Solving Knapsack problem using Dynamic Programming

This is post is basically for solving the Knapsack problem, very famous problem in optimization community, using dynamic programming. But remember this problem can be solved using various approaches with different complexities, but here I shall talk about only dynamic programming, specifically bottom-up  approach. So lets first talk about what is Knapsack problem for the people who are unfamiliar with it. The Knapsack problem states that “Given a set of items, each with a weight and a value, determine the number of each item to include in a collection so that the total weight is less than or equal to a given limit and the total value is as large as possible”. Lets consider a concrete example , suppose you have a Knapsack and you have lots of books and articles.
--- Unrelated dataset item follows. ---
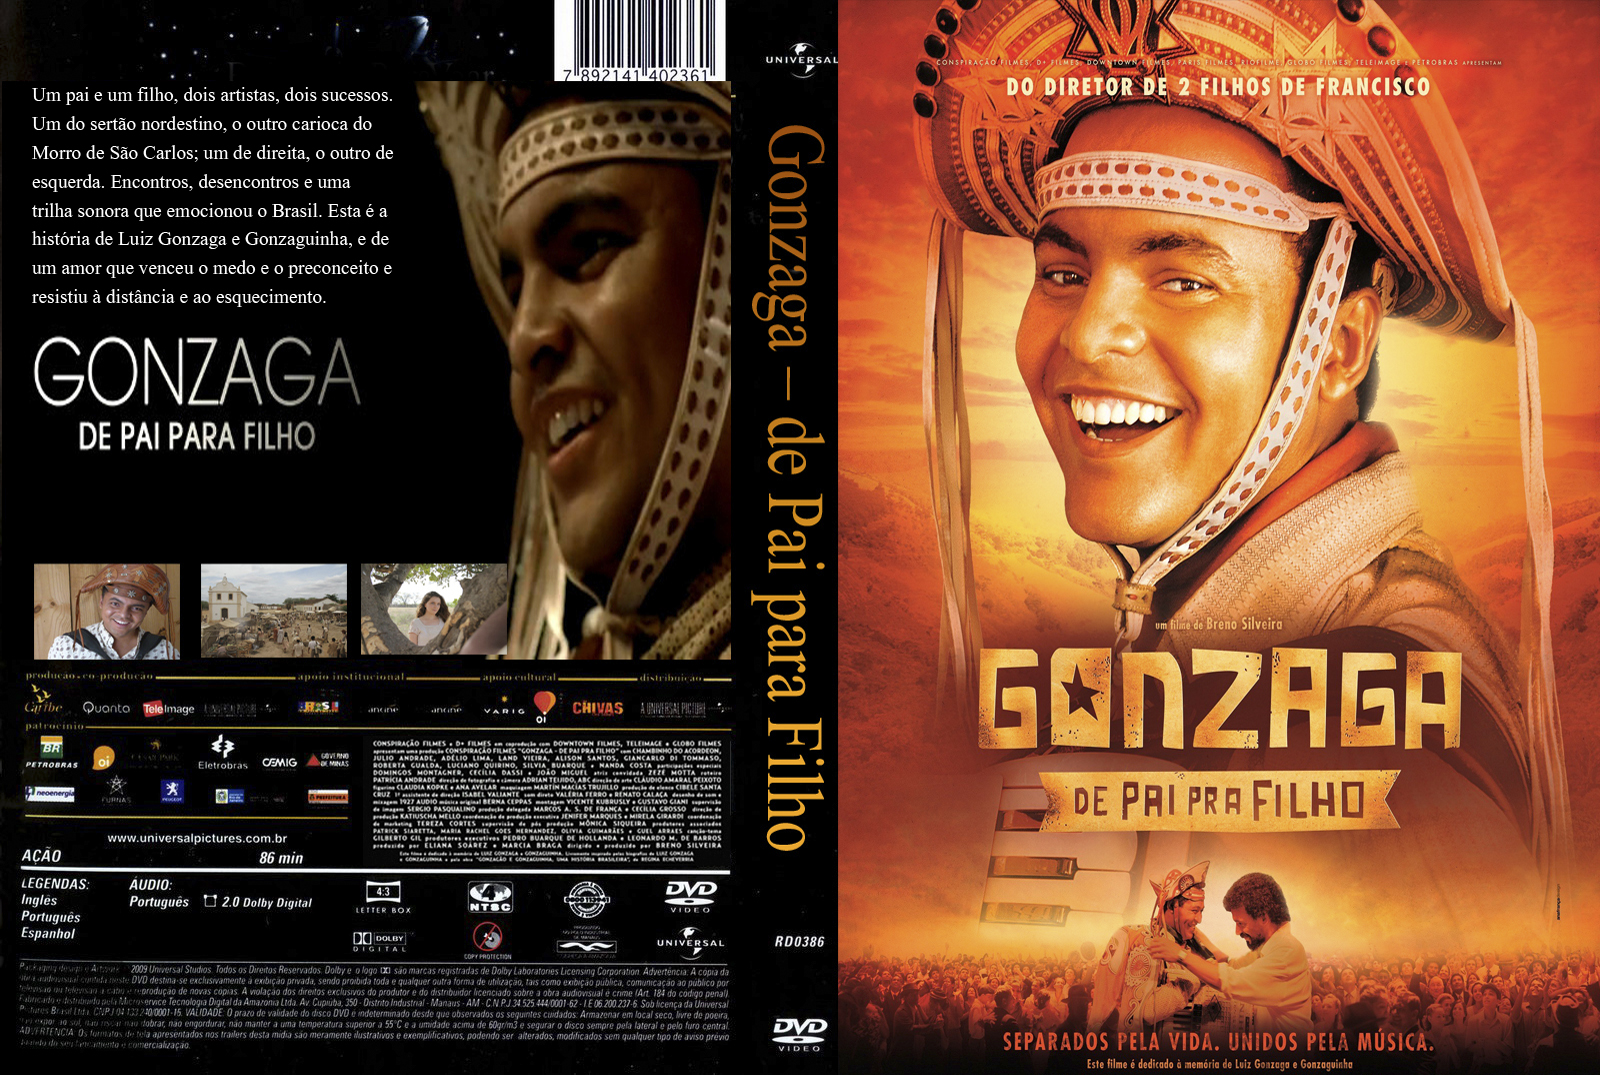 Gonzaga, de Pai para Filho

You are planning to go somewhere in your vacation and you want to keep some important books and articles with you. The Knapsack has fix capacity so you cannot keep all the books and articles that you got inside the knapsack.
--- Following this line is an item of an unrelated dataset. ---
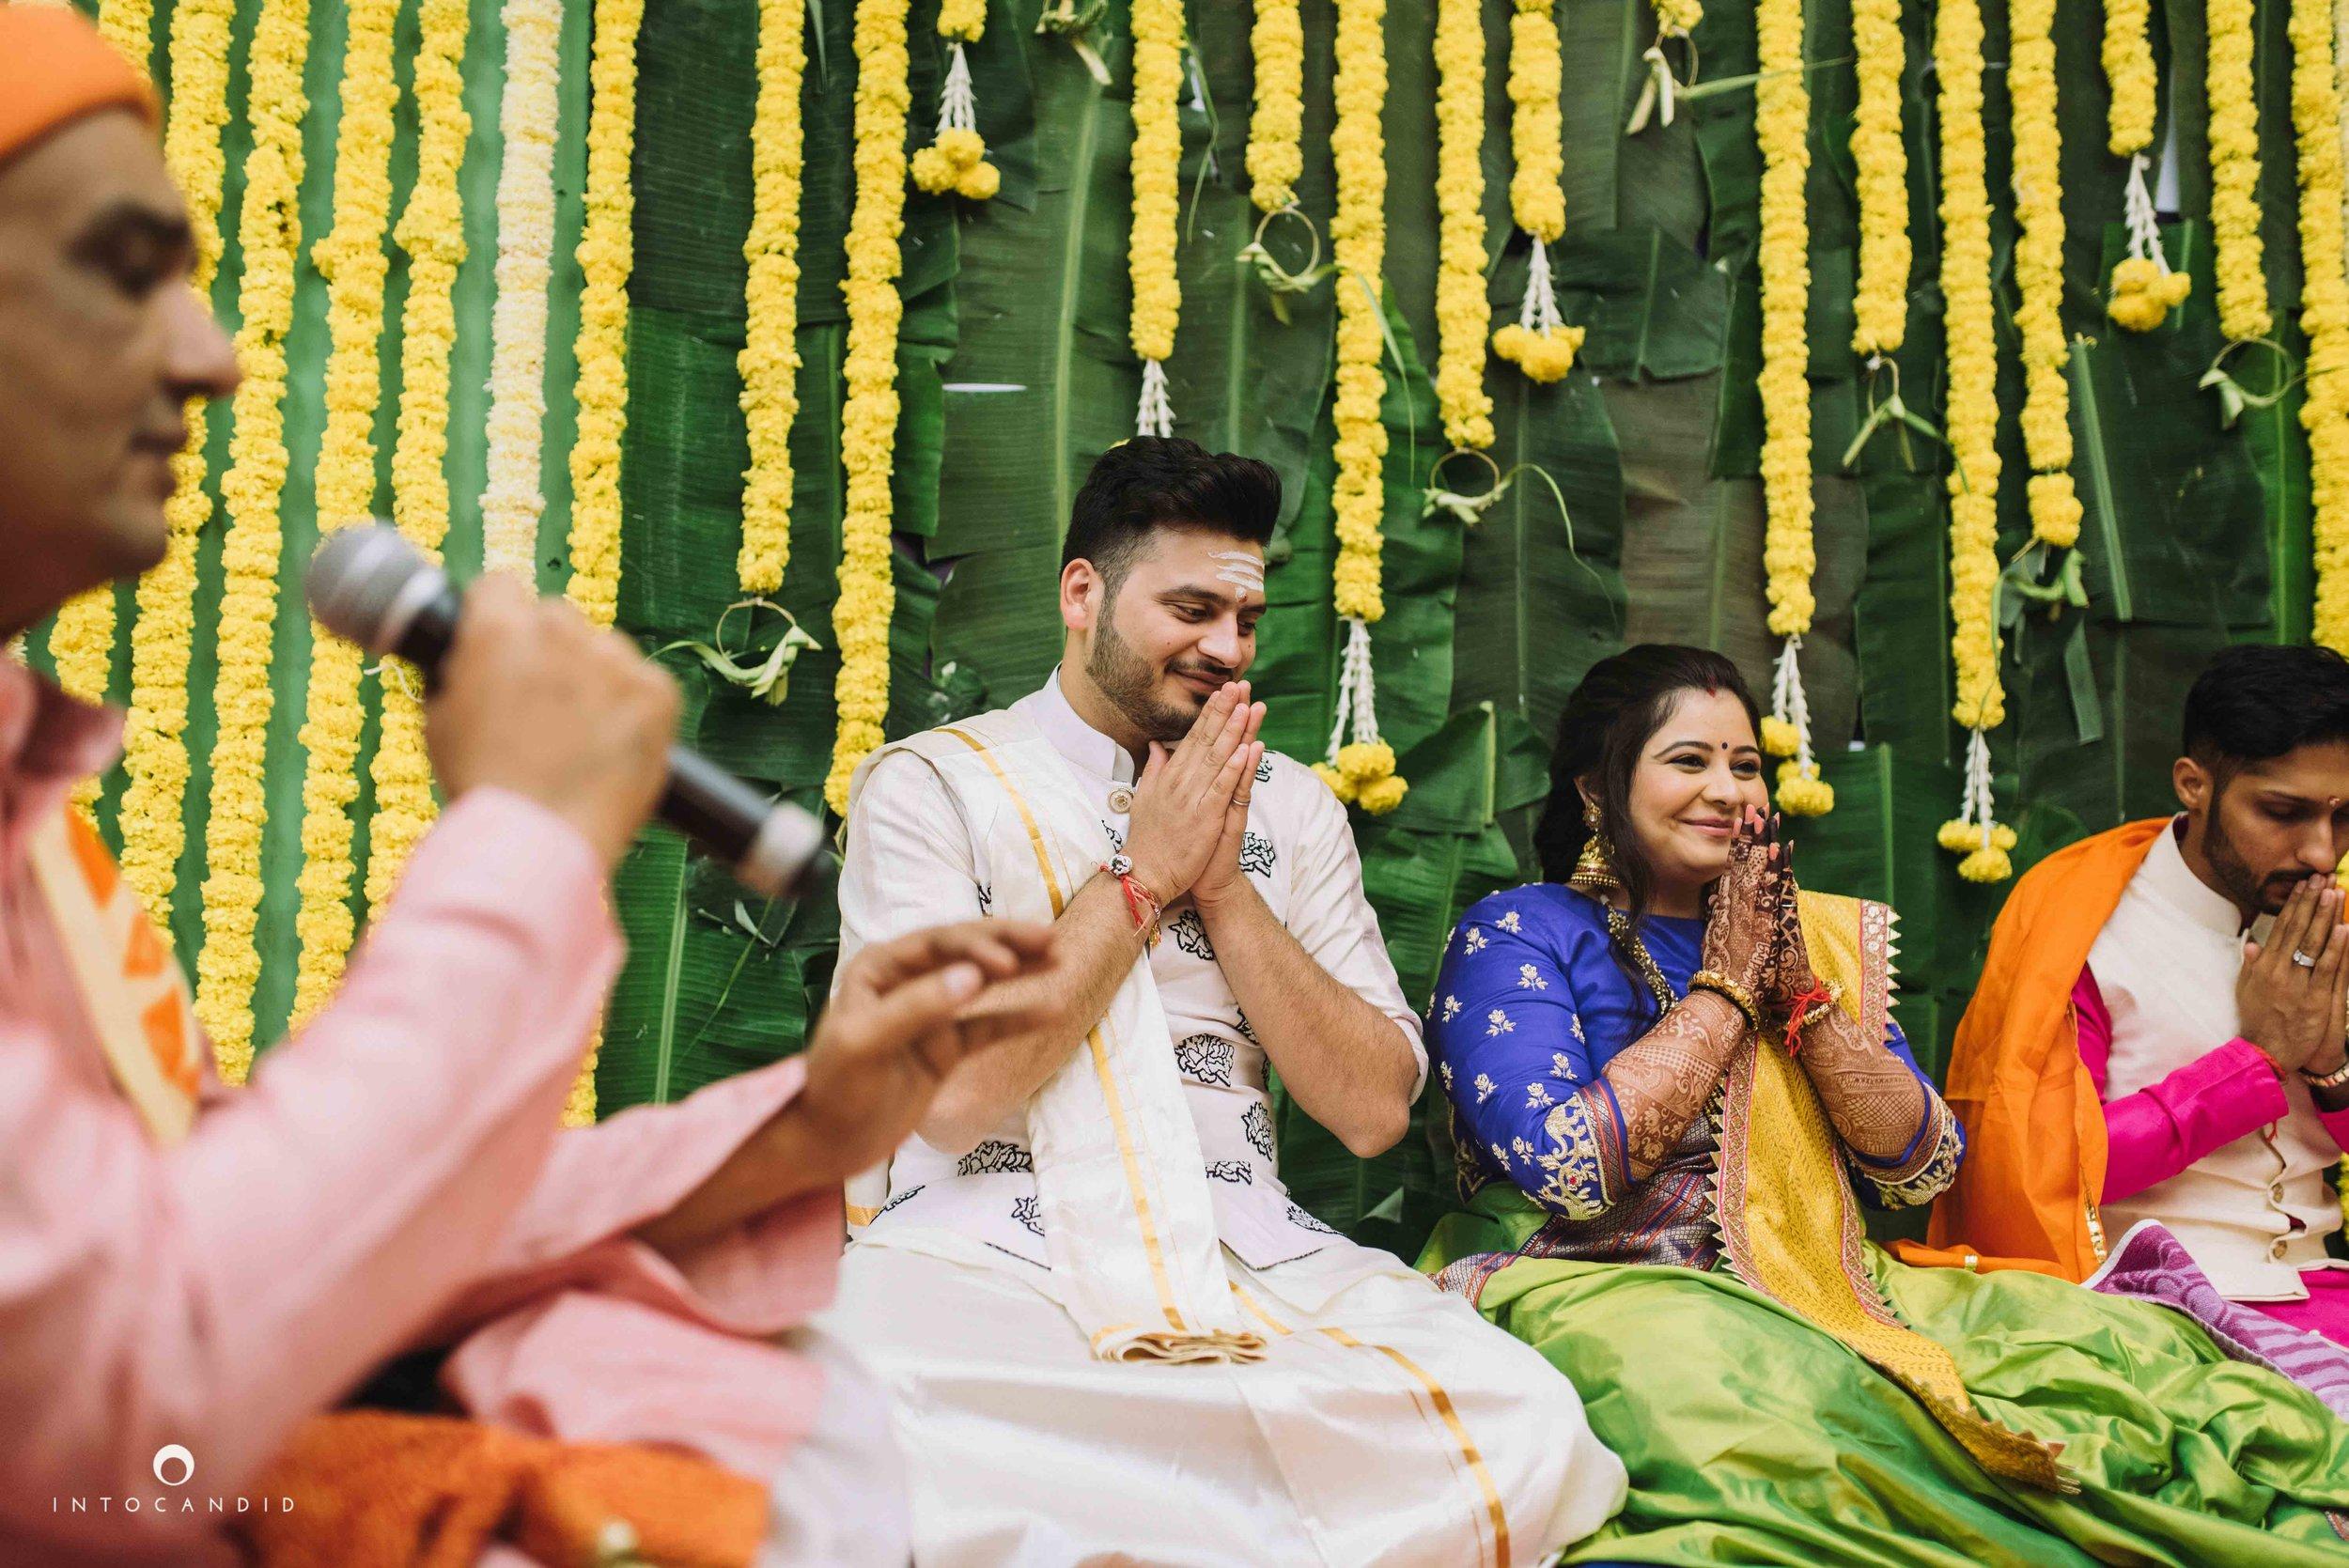 Goa_Wedding_Photographer_Zuri_whitesands_015.jpg

Now your job is to select only those books and articles, whose total capacity is less than or equal to that of Knapsack, so that you get maximum valuable books and articles inside your knapsack. In this case the weight of item can be taken as real weight of the books and articles and value of the item can be taken as how important those articles and books for you. And also the Knapsack can support only fix weight items. This is the theoretical explanation, mathematically the problem can be defined as follows

\[ \text {maximize} \sum_{i \in 1 ... j} v_ix_i \\
\text {subject to} \sum_{i \in 1 ... j}w_ix_i \le k,\;x_i \in \{0,1\}, \; i \in \{1...j\} \]
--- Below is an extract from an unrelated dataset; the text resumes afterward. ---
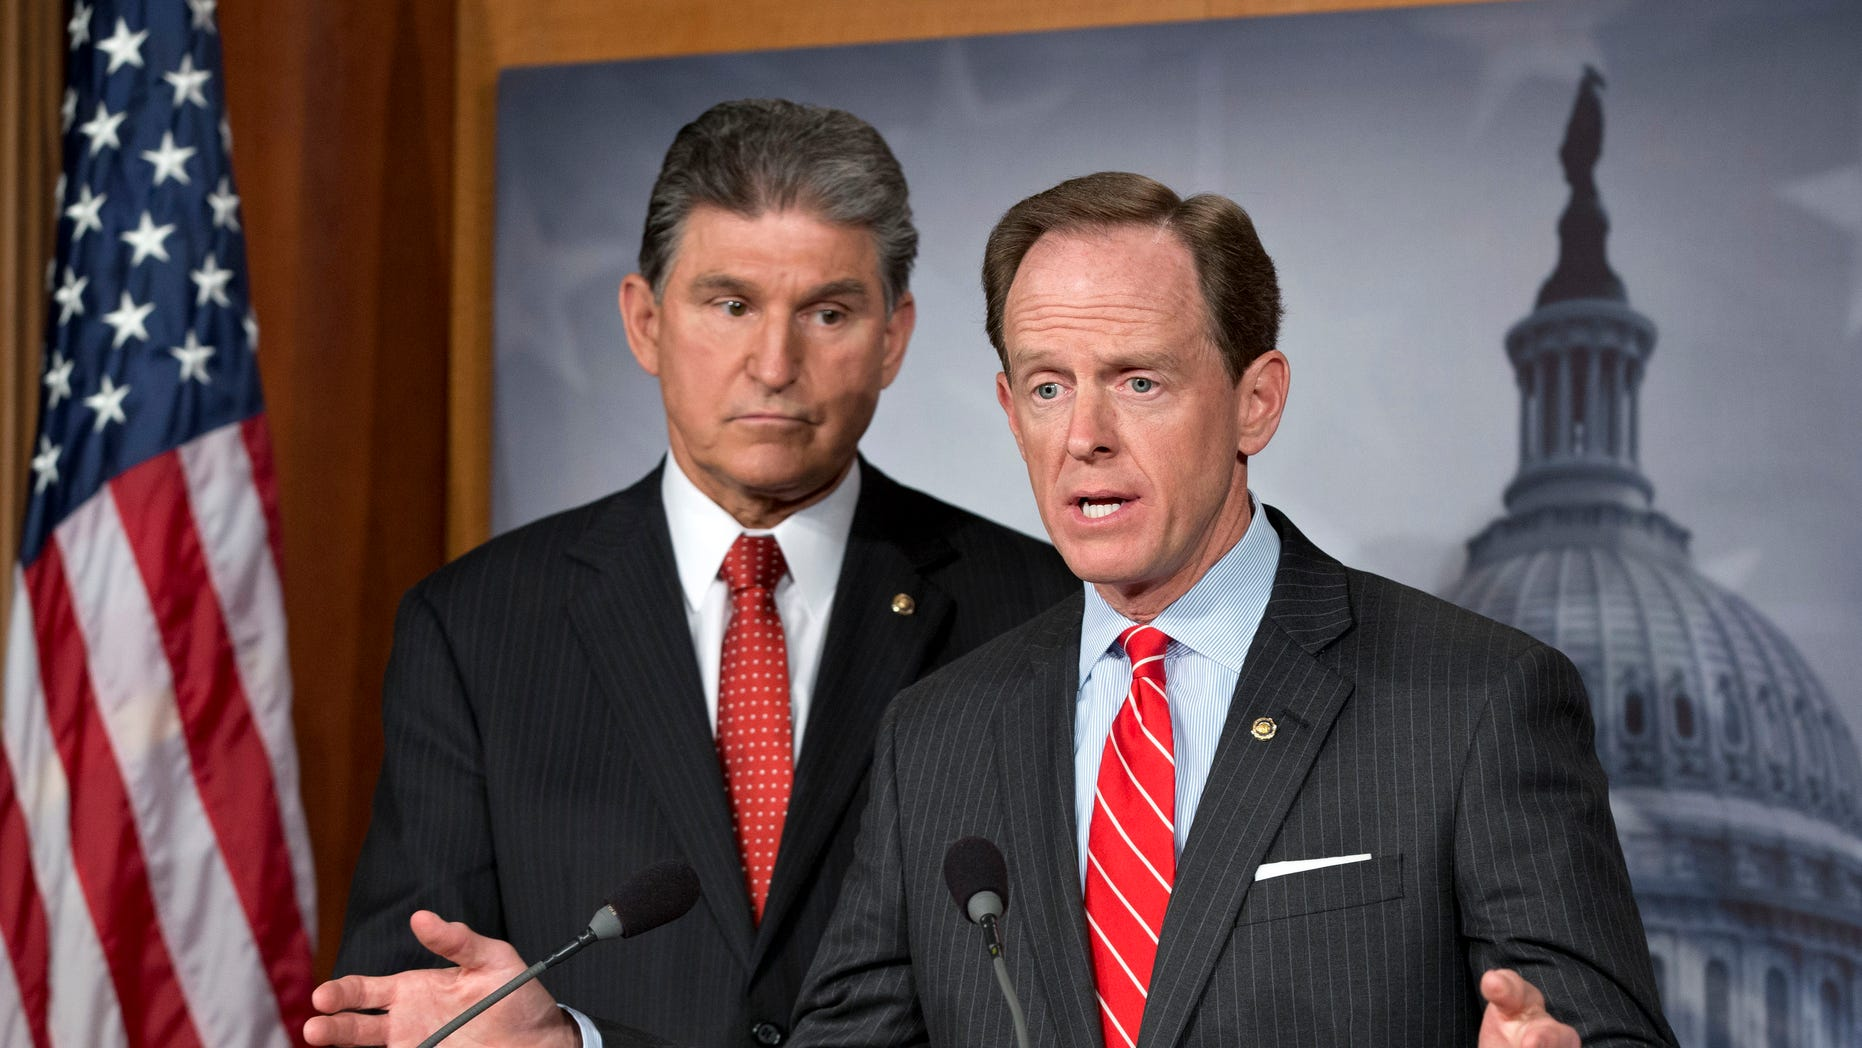 FILE: April 10, 2013: Sen. Joe Manchin, D-W.V., left, and Patrick Toomey, R-Pa., announce a deal on gun-control legislation, on Capitol Hill, in Washington, D.C.

Where vi is value of item i, j is total number of items, xi is binary number indicating whether you take item i or not. If you take item i then value of xi will be 1 otherwise 0. wi is the weight of item i and k is the capacity of Knapsack. So far I gave you the theoretical and mathematical background of the problem, now I talk about programming model. To illustrate this, here is an example
weight    value
2             16
3             19
4             23
5             28
Total number of item = 4
Capacity of Knapsack = 7
Here in this example we have total 4 items with different weights and values. The total value of the Knapsack is 7 so the total weight of the items must be less than or equal to 7. Mathematically this can be written as
\[ \text {maximize}  16x_1 + 19x_2 + 23x_3 + 28x_4  \\
\text {subject to}  2x_1 + 3x_2 + 4x_3 + 5x_4 \le 7  \\
x_i \in \{0,1\}, \; i \in \{0...4\} \]

In bottom up approach what we do is we compute the recursive equations bottom up. i.e. we start with a zero items and find out what is the best we can do when we have 0 items to work with. And we take 1 item and find out what is the best we can do when we have 1 item to work with. We perform this up to j items which is 4 in our case. We create a big table with capacity along one side(row) and items on other side (column) and fill that table step by step. First we take 0 items and try to optimize the Knapsack of size 0, then we take again 0 items and try to optimize for size 1. We perform this up to the total capacity of Knapsack which 7 in our case. We we will have capacity +1 rows in the table. Similarly we take 1 item and try to optimize the Knapsack of size 0 to capacity and so on up to total number of items. This makes total no of times + 1 columns in table. Now we have table with size (capacity +1) along rows and (no of items + 1) along column. In our example this is 8 x 5. This may look like this
First, we take 0 item. Since there is no item we cannot do any optimization. So the best optimization we get will be
Second, we take 1 item with weight = 2 and value = 16. Since the weight is 2 we need Knapsack with size at least 2. We cannot keep the item with Knapsack of size 0 and 1. So after taking one item the table will look like.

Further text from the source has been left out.